Haris mengaku ingat Ryamizard pernah berbicara bahwa HAM dan Demokrasi adalah ancaman NKRI.
Seharusnya, lanjut Haris, pembentukan kabinet tidak berdasarkan politik balas budi. Memperhatikan standar dan prinsip Hak Asasi Manusia sangatlah penting dalam penyusunan kabinet yang akan bekerja selama lima tahun kedepan.
Presiden Jokowi tambahnya telah mengkhianati trias obligasi negara dalam pemenuhan, perlindungan dan penghormatan HAM dengan memberikan jabatan publik kepada individu yang memiliki jejak rekam HAM yang buruk.
Haris Azhar menegaskan, "Membangun preseden penegakan hukum yang teruji dan menunjukan tidak diskriminatif , dia harus membuktikan itu hak asasi manusia, korupsi kalau dia ingin memelihara kepercayaan publik dia harus menunjukkan itu."
Sementara, Indonesia corruption Watch (ICW) lembaga yang menyoroti masalah korupsi juga kecewa dengan keputusan presiden Jokowi yang menempatkan politisi PDI perjuangan, Yosanna Laoly sebagai Menteri Hukum dan HAM.
Menurut Peneliti ICW, Ade Irawan, Jokowi seharusnya bisa menunjuk seseorang untuk mengisi pos kementerian ini bukan dari kalangan partai politik. Seharusnya, posisi menteri Hukum dan HAM diisi oleh orang -orang yang bebas dari kepentingan dan politik transaksional.
Posisi Menteri Hukum dan HAM berasal dari Partai Politik tidak berbeda pada masa pemerintahan presiden Susilo Bambang Yudhoyono.
Biasanya menteri dari partai politik tambahnya kerap menjaga relasi dengan teman-temannya satu partai maupun teman lainnya walaupun mereka menjadi tersangka maupun terpidana kasus korupsi.
"Mengecewakan. Kami berharap menteri untuk urusan dalam pemberantasan korupsi tidak diisi oleh orang partai politik Karena punya potensi konflik kepentingan yang besar. Kalau jaksa agungnya juga tidak memenuhi harapan publik, maka menurut saya ini akan berat dalam urusan pemberantasan korupsi," tandas Ade Irawan.

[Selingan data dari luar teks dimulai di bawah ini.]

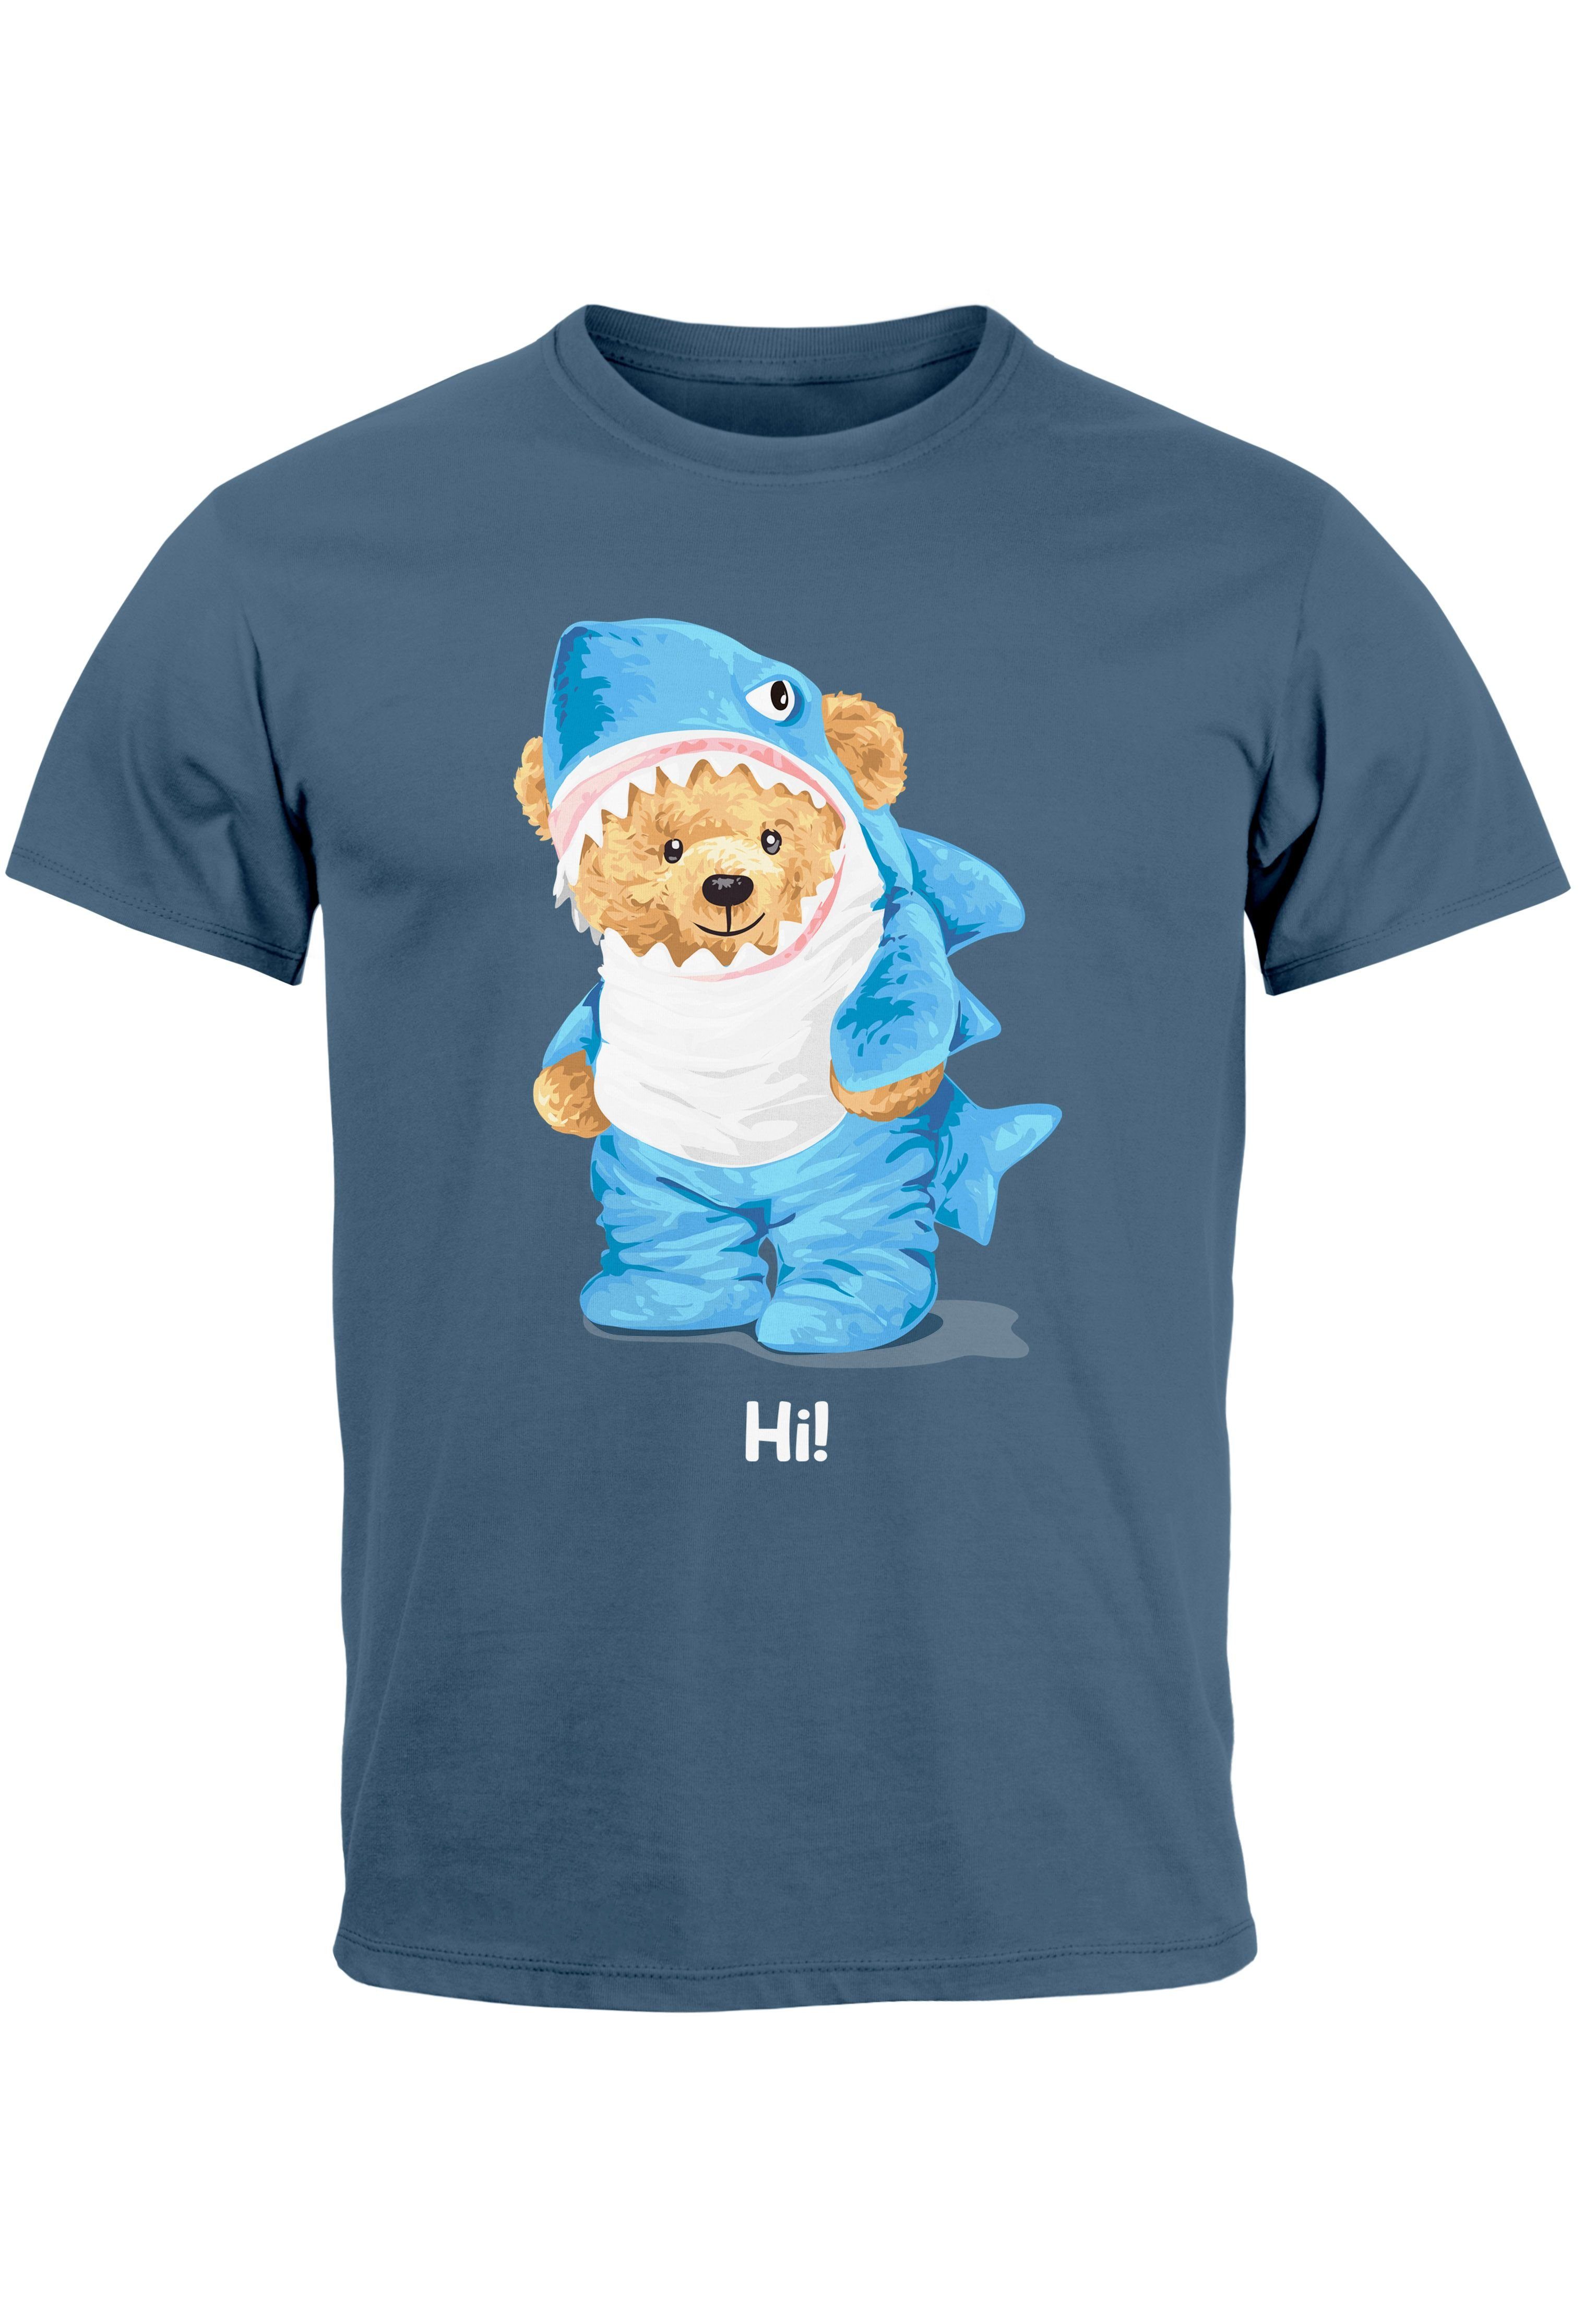 Herren mit denim Printshirt Aufdruck Teddy Bär Witz Neverless blue Print Print-Shirt Hi Fashi Parodie T-Shirt Hai

Sebelumnya, Presiden Joko Widodo mengatakan proses pemilihan seleksi menteri dilakukan sangat hati-hati dan cermat. Dia menjamin, bahwa seluruh menteri yang ditunjuknya ini adalah orang-orang yang bersih.
Jokowi juga menjamin jika para menterinya punya kemampuan di bidangnya masing-masing. Selain itu, kata Jokowi, menteri-menteri ini juga punya manajerial dan jiwa kepemimpinan yang baik.
"Ke depan menjadi momentum pertaruhan kita sebagai bangsa yang merdeka, oleh sebab itu bekerja yang utama. Memang proses penetapan menteri ini saya lakukan dengan hati-hati dan cermat, ini menjadi keutamaan karena kabinet ini akan bekerja selama lima tahun dan kita ingin mendapatkan orang-orang yang terpilih, orang-orang yang bersih," demikian pernyataan Jokowi.